You may have heard about the kerfluffle related to Paul Ryan, budget cutter man, eating out with a couple of his friends at an upscale restaurant. He was espied by an inebriated leftie, who took him to task for the price of the bottles of wine they had (over three hundred clams a bottle), and that leftie then made a little Internet tempest over it. This was an unreasonable price for the bottles of wine, or so it was claimed, as opposed to the 80 cucumbers per bottle price that the inebriated leftie had.
The whole thing was an attempt to turn Paul Ryan into a Marie Antoinette figure (“let them drink two buck Chuck”), grinding the faces of the poor whilst he himself was flying high.
But the event illustrates, as little else could, the power and potency of envy. “Wrath is cruel, and anger is outrageous; but who is able to stand before envy?” (Prov. 27:4). In the face of envy, it doesn’t matter if you are being reasonable. It doesn’t matter if you are making sense. It doesn’t matter if you are grateful to God for His good gifts — envy assaults you anyway.
Envy has caused us to invert the moral order. Because no coercion was involved, it ought to delight us that there are upscale bistros like this one, that they have customers, that there are high end vintners to supply them, and so on, all the way through the menu.
But because of envy (and for no other reason), it is possible to get people snarling at all of this. Then, at the same time, the snarlers advocate (in the name of compassion), a small army of tax collecters with block letters on the back of their windbreakers, fanning out across the republic to collect bubillions of dollars at the point of a gun . . . so that what? Well, among other things, so that we can buy three hundred dollar bottles of wine for jitney dictators of glorified shantytowns.
In other words, for the lefties, the pricey wine is not their problem.
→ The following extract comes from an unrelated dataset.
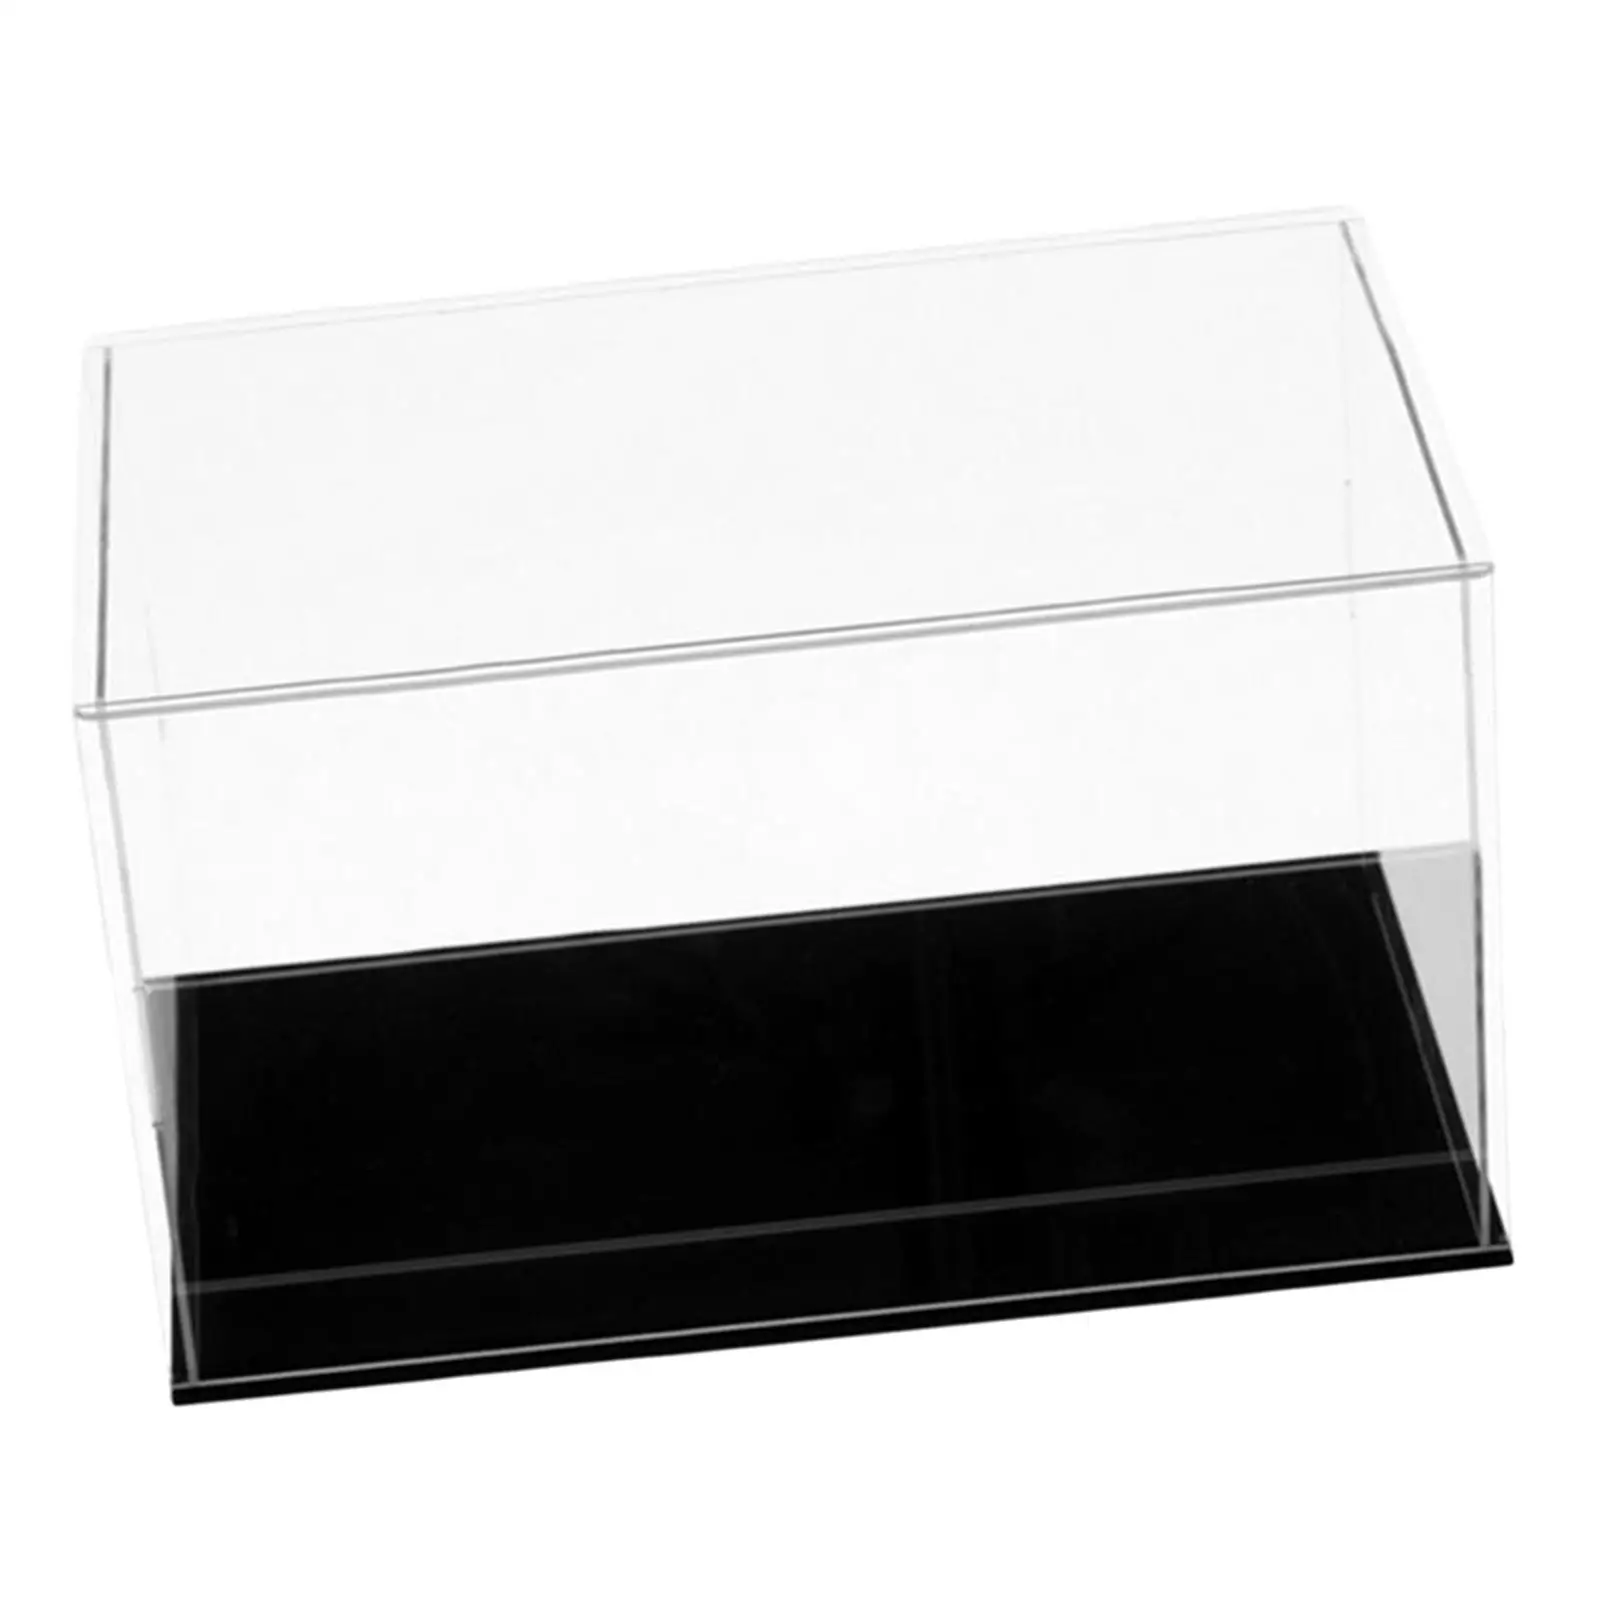 Acrylic Display Case Transparent for Plane Model Diecast Cars Model Dolls

The liberty is their problem. Spending your own money without some functionary signing off on it is their problem. Buying your own wine without some bureaucrat getting a piece of the action is their problem. Their problem is that they don’t have their hooks in all your stuff yet.
In short, in the face of envy, we have lost the distinction between meum and tuum. We have lost the concept of private property. Spending your own money on your own dinner — heartless beast! Whooping trillions of dollars not yet extorted at the point of a gun from your great grandchildren — what a paragon of compassion!
“A sound heart is the life of the flesh: but envy the rottenness of the bones” (Prov. 14:30).